Mein folgendes Problem ist (sorry, falls ich zu hart nerve, aber bei webprogrammierung haperts bei mir immer), dass ich absolut keinen Schimmer habe, wie ich diese Methode nun aufrufen soll, da mir (die wahrscheinlich gar nicht benötigten/zur Verfügung stehenden) request- und response-Parameter fehlen.


----------



## nillehammer (1. Mrz 2012)

Du selbst rufst die Methoden überhaupt nicht auf. Du programmierst die Servlets und mappst sie in der web.xml auf URLs. Wenn eine URL passt, ruft der Webcontainer automatisch die richtige doXXX-Methode auf. Bspw. Bei klicken auf einen Link die doGet-Methode oder bei absenden eines Formulars die doPost-Methode. Bevor wir hier jetzt aber die Dokumentation von JEE-Web neu schreiben, ist es aber vielleicht ratsam, wenn Du Dich da etwas einliest, z.B. hier: Java Servlet Technology

Wobei noch anzumerken ist, dass heute eher selten direkt mit Servlets programmiert wird, sondern eher mit Webframeworks wie bspw. JSF


----------



## Mattze_1987 (1. Mrz 2012)

Vielen Dank für den Support so weit, hat mir mehr oder minder geholfen.
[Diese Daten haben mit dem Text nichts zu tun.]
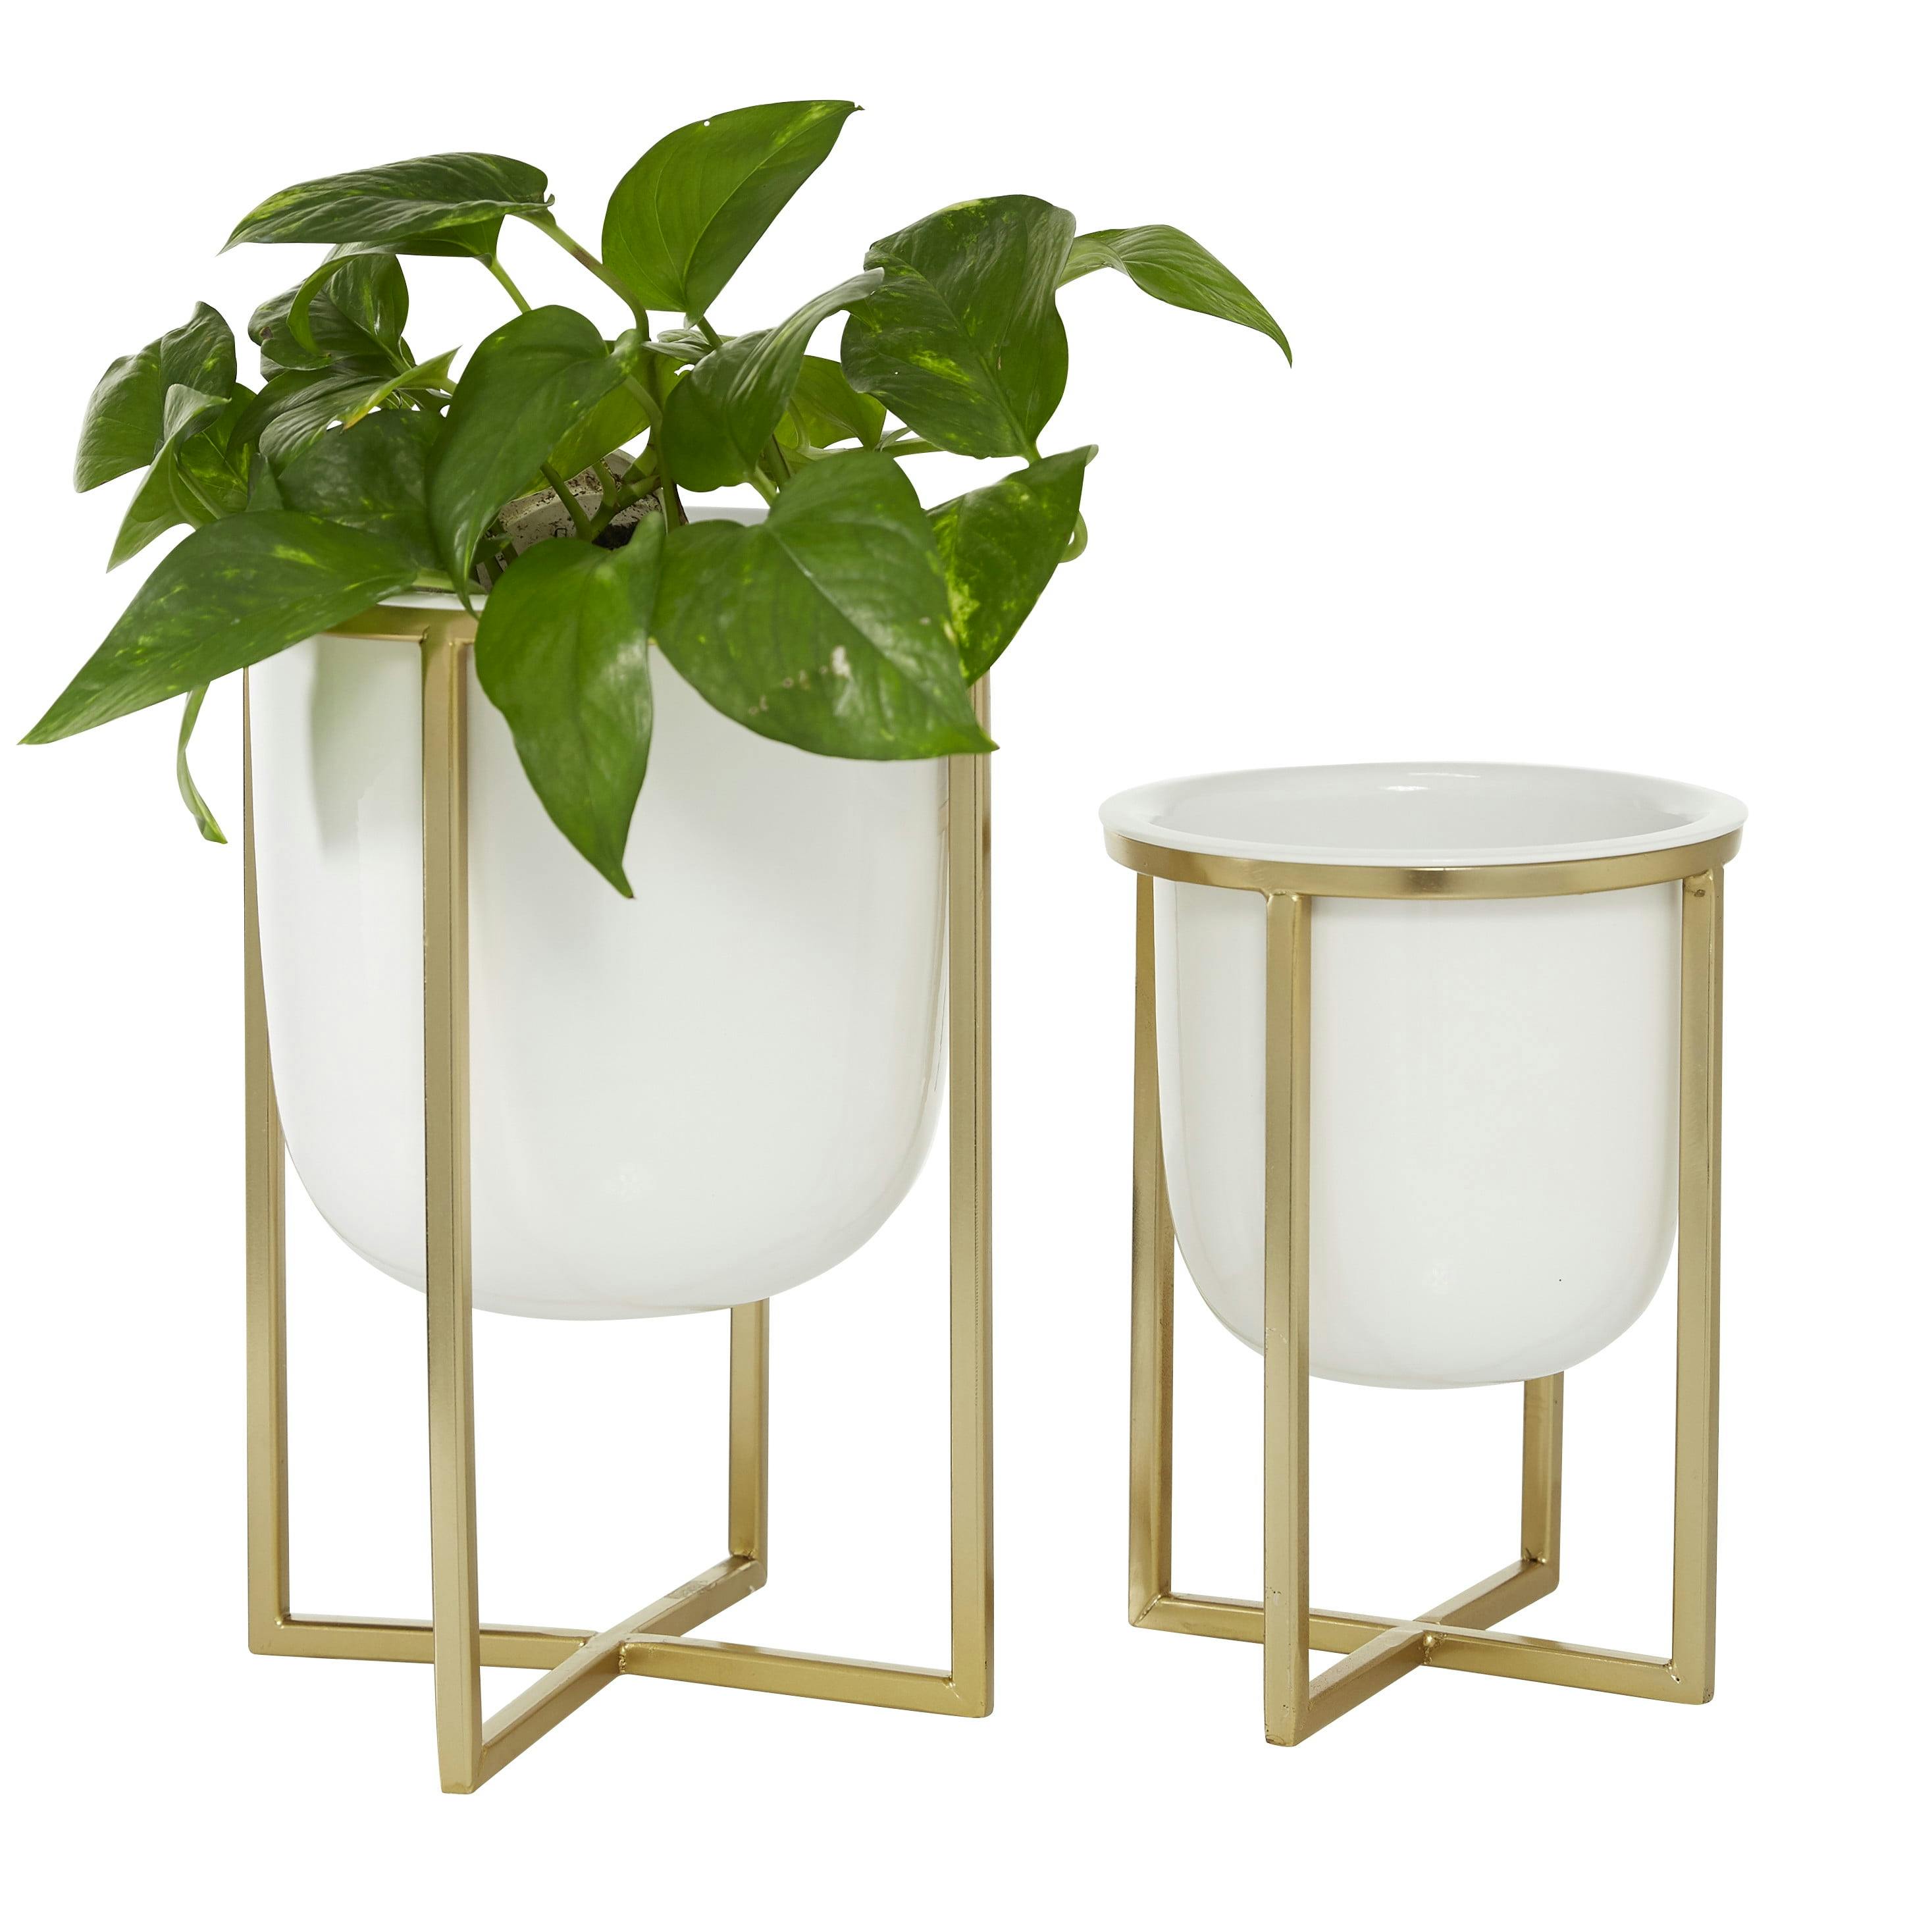 Contemporary White and Gold Metal Planter Set with Removable Stands

Mehr insofern, dass ich jetzt weiß, welche Technologie verwandt wird, auf der anderen Seite weniger, weil das mein ursprüngliches Vorhaben, mittels einer lokalen Anwendung einen Accestoken und Accesssecret zu erhalten. Dass das Ganze auf Servlets aufbaut finde ich insofern recht unglücklich, da ich die erhalenen/zu versendenden Daten gerne in einer eigenen GUI darstellen möchte, was mit Servlets recht umständlich scheint.


----------